Personal information
- Full name: Robert Lionell Lovejoy III
- Date of birth: October 23, 1991 (age 34)
- Place of birth: Greensboro, North Carolina, U.S.
- Height: 1.83 m (6 ft 0 in)
- Positions: Midfielder; forward;

Youth career
- Triangle United

College career
- Years: Team / Apps / (Gls)
- 2010–2014: North Carolina Tar Heels

Senior career*
- Years: Team / Apps / (Gls)
- 2011–2012: Carolina Dynamo / 14 / (5)
- 2015–2016: Houston Dynamo / 19 / (1)
- 2016: → Rio Grande Valley FC Toros (loan) / 9 / (3)
- Total:  / 42 / (9)

= Rob Lovejoy =

American soccer player

Robert Lionell Lovejoy III (born October 23, 1991) is an American retired soccer player.

==Career==

===Highschool===

Lovejoy went to Walter Hines Page High School in Greensboro, North Carolina where he played varsity for 4 years, winning 1 state championships.

===College and amateur===
Lovejoy spent his entire college career at the University of North Carolina where he made a total of 71 appearances and tallied 20 goals and 16 assists.

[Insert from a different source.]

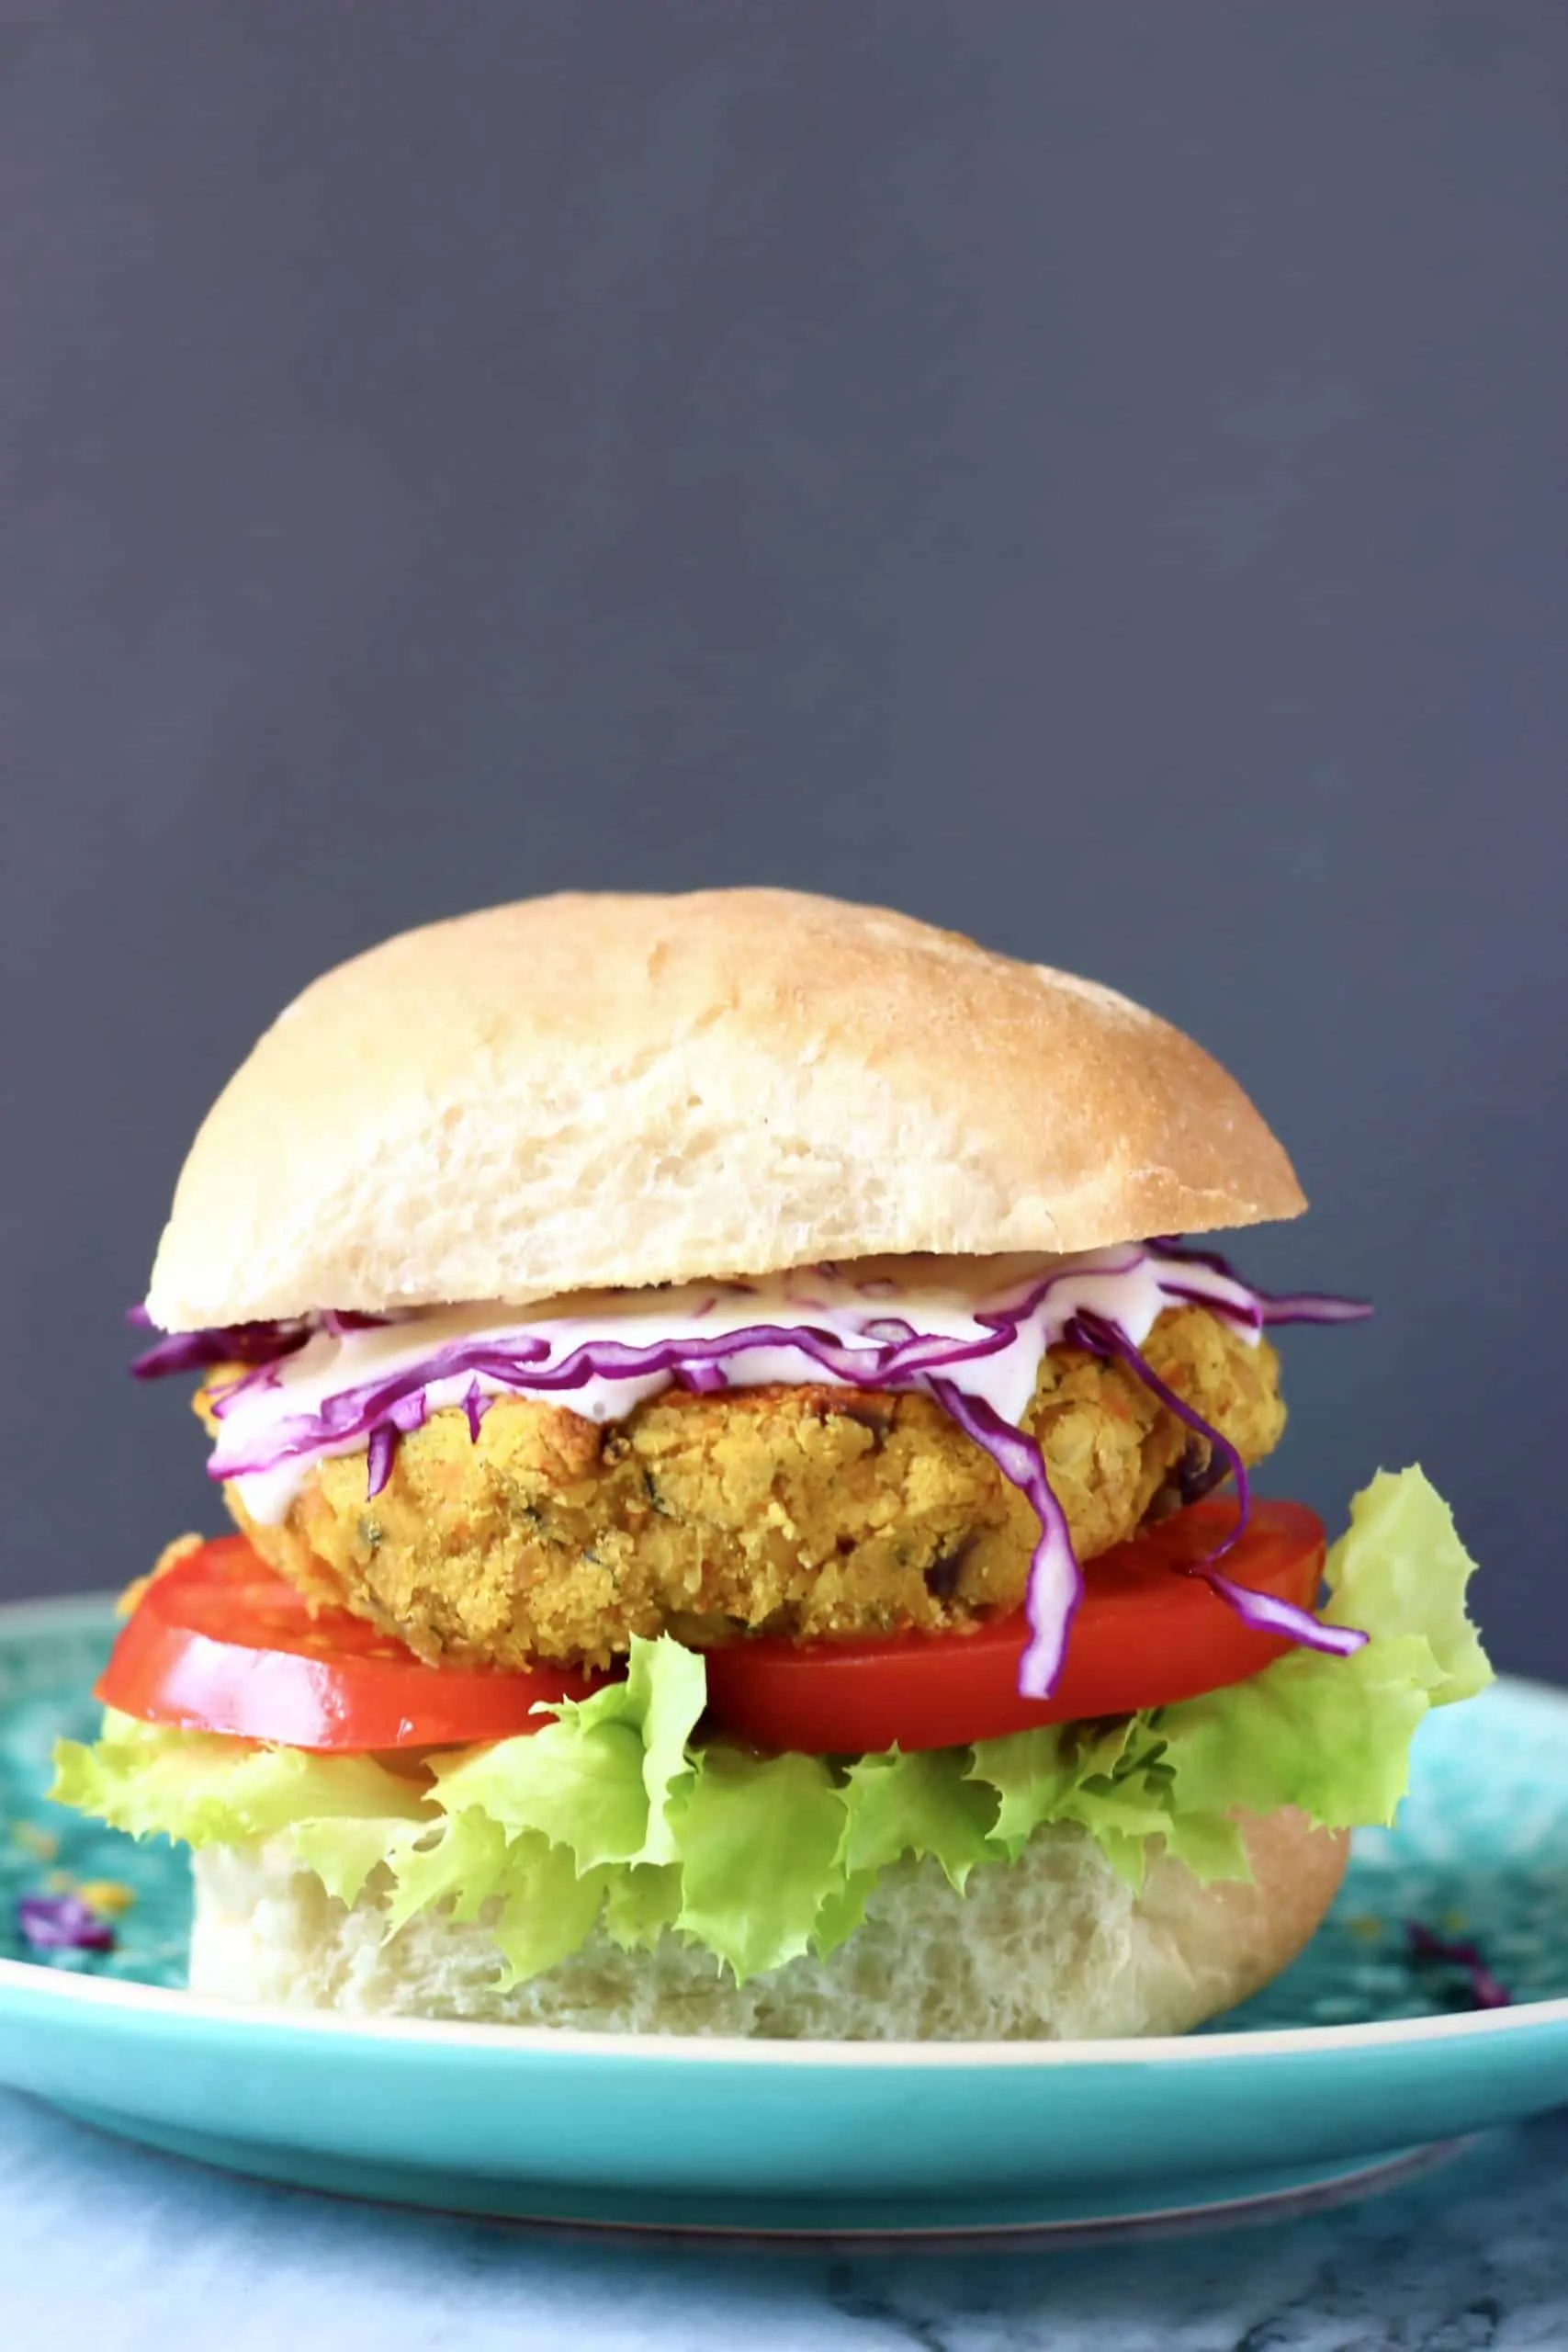 Curried chickpea burger with salad on a blue plate

He was also named to the ACC All-Academic Team in 2011 and 2012.

Lovejoy also played for Carolina Dynamo in the Premier Development League.

===Professional===
On January 15, 2015, Lovejoy was selected in the second round (36th overall) of the 2015 MLS SuperDraft by the Houston Dynamo and signed a professional contract with the club a month later. He made his professional debut on March 13 in a 1–0 defeat to Orlando City.

Lovejoy was released by Houston at the end of the 2016 season and subsequently announced his retirement.

Lovejoy joined the Plexus Capital team in 2017. On October 11, 2022, Lovejoy was selected as the Senior Associate (deal daddy) of the Quarter for Q3 of 2022.

===Personal===
Younger brother Matthew is a REIT hedge fund analyst.